Lesson of the day: Don't have surgery on a Friday

Surgery: Better on a Monday
Surgery: Better on a Monday
Ian Dunt By

Patients who have surgery on a Friday or over the weekend are significantly more likely to die than those who undertake it on a Monday, alarming new research has discovered.

The Imperial College research, which was published on the British Medical Journal website, found the risk of death within 30 days of a planned operation increased every day after Monday.

Procedures conducted on a Friday were 44% more likely to end in death than if conducted on a Monday, and those on a weekend were a staggering 82% higher.
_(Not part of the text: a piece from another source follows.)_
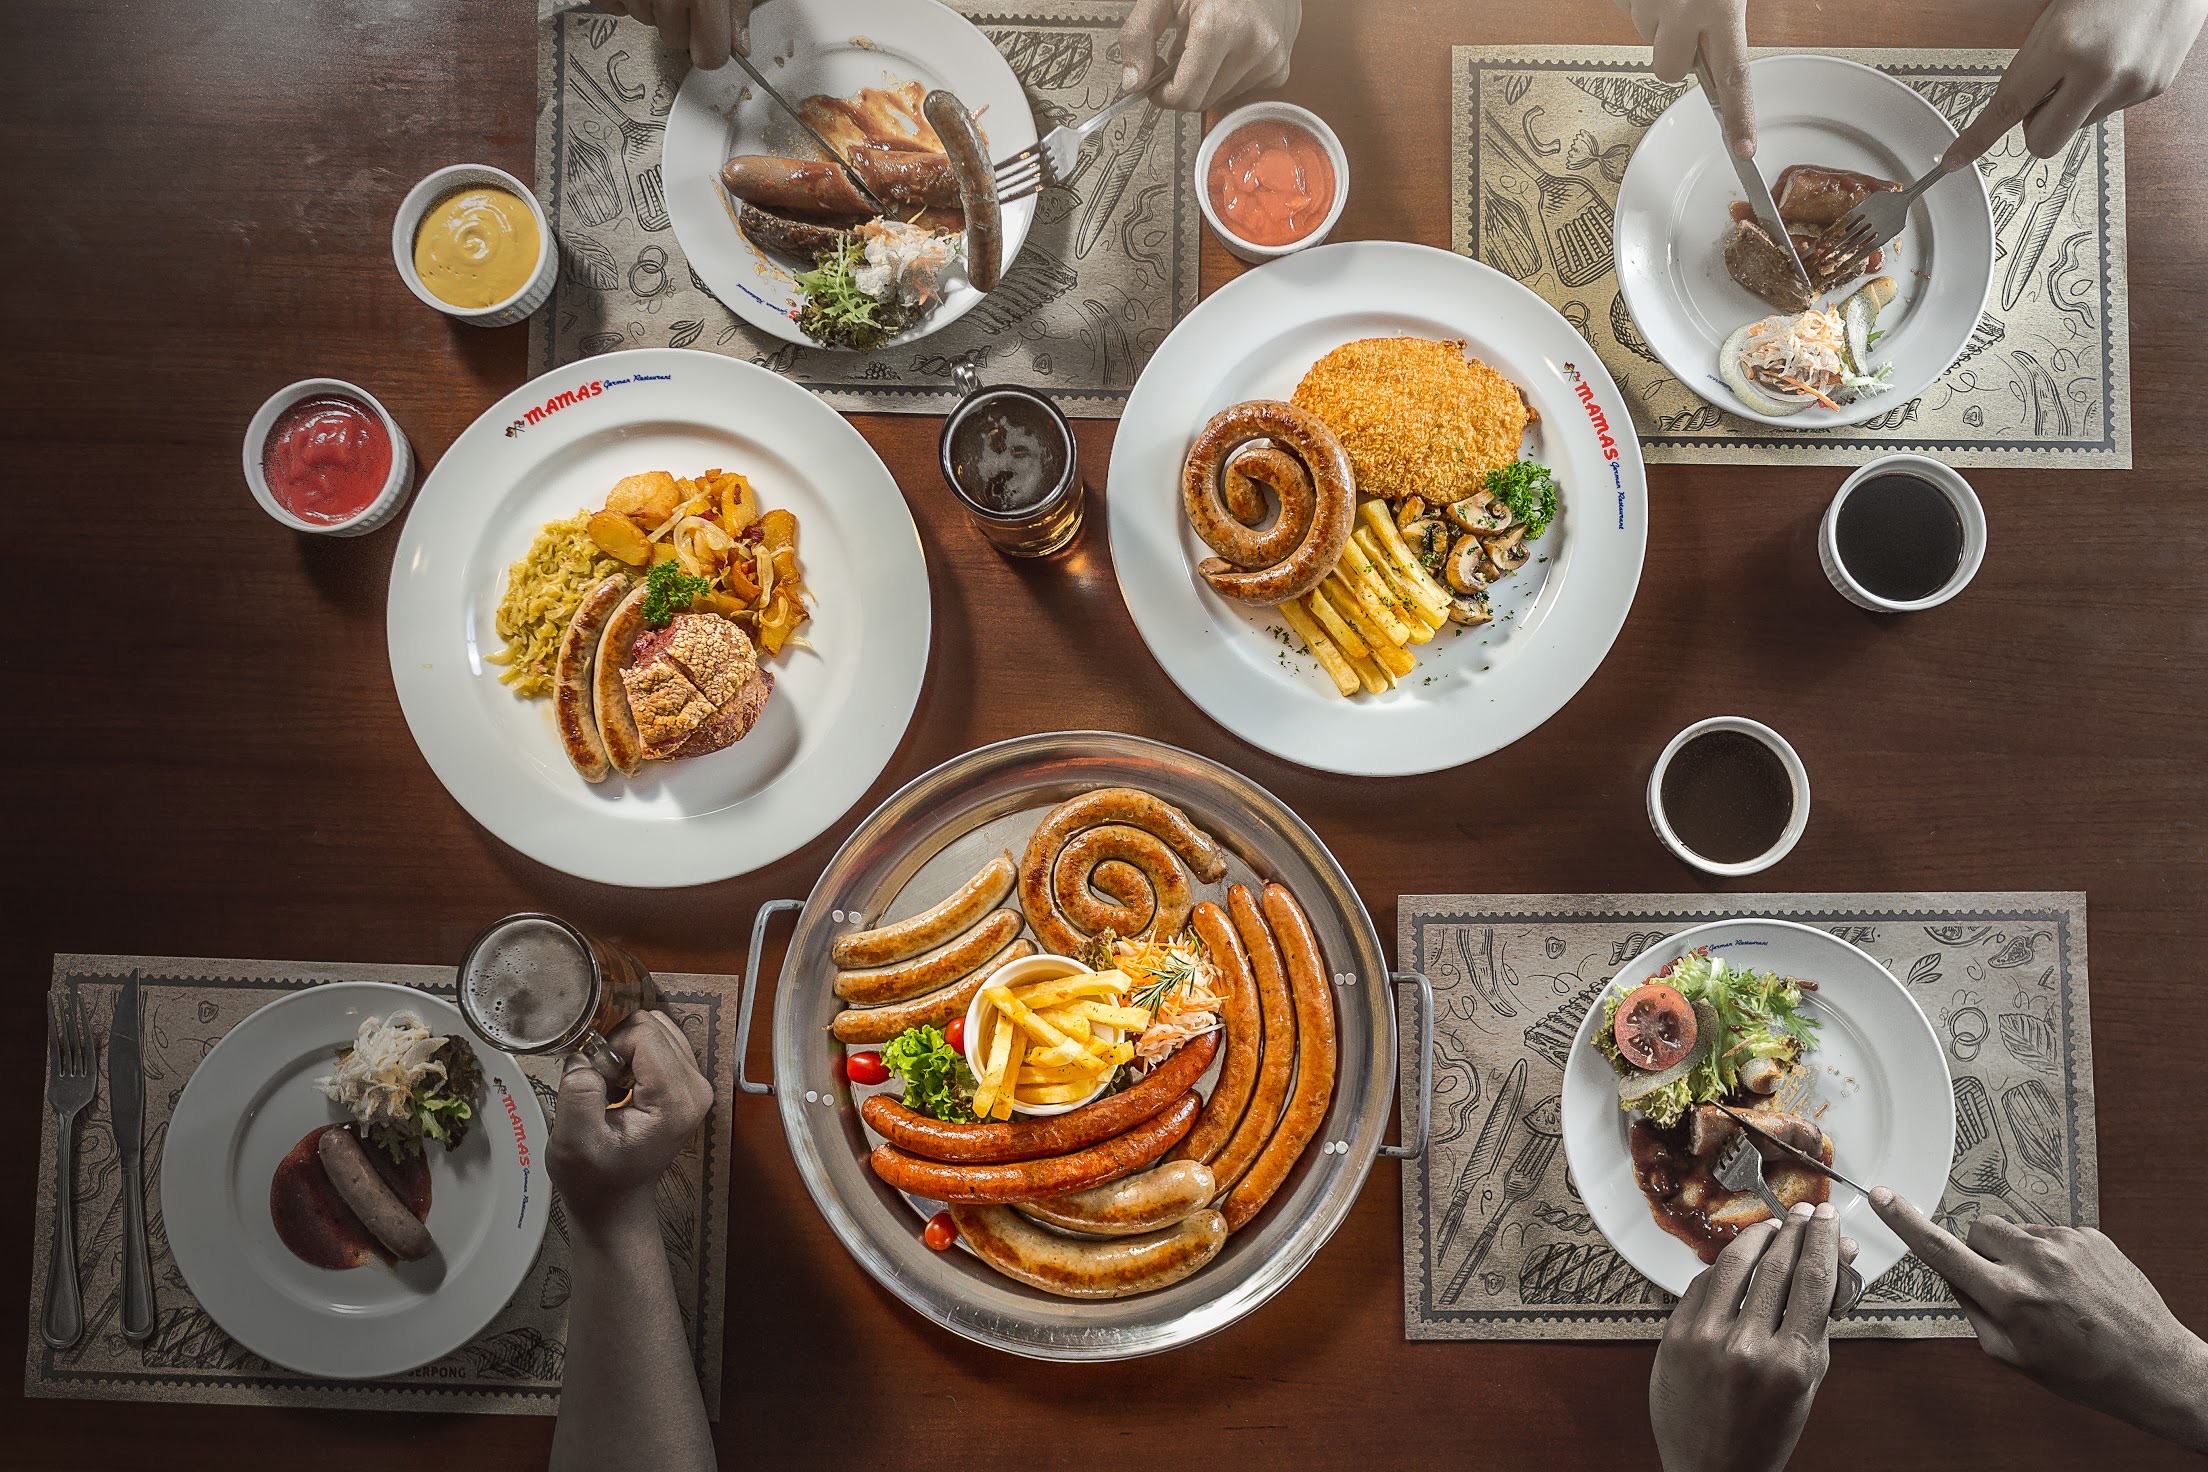 Why Food Photography is A Great Hobby

The findings suggest patients are suffering as a result of a lack of experienced doctors working over the weekend.

Of those who had surgery on a Monday, 5.5 died per 1,000 hospital admissions – but that figure rose to 6.2 on Tuesdays, 6.7 on Wednesdays, 7.0 on Thursdays and 8.2 for Fridays. When adjusted for case mix, the rise equates to 44%.

The same rough trend holds true even in low-risk procedures, with 1.8 deaths per 1,000 admissions on a Monday, but 2.4 on a Friday.

The first 48 hours after surgery are critical to a patient's chances of recovery, suggesting that the lack of experienced consultants and less access to diagnostic tools play a key role in the findings.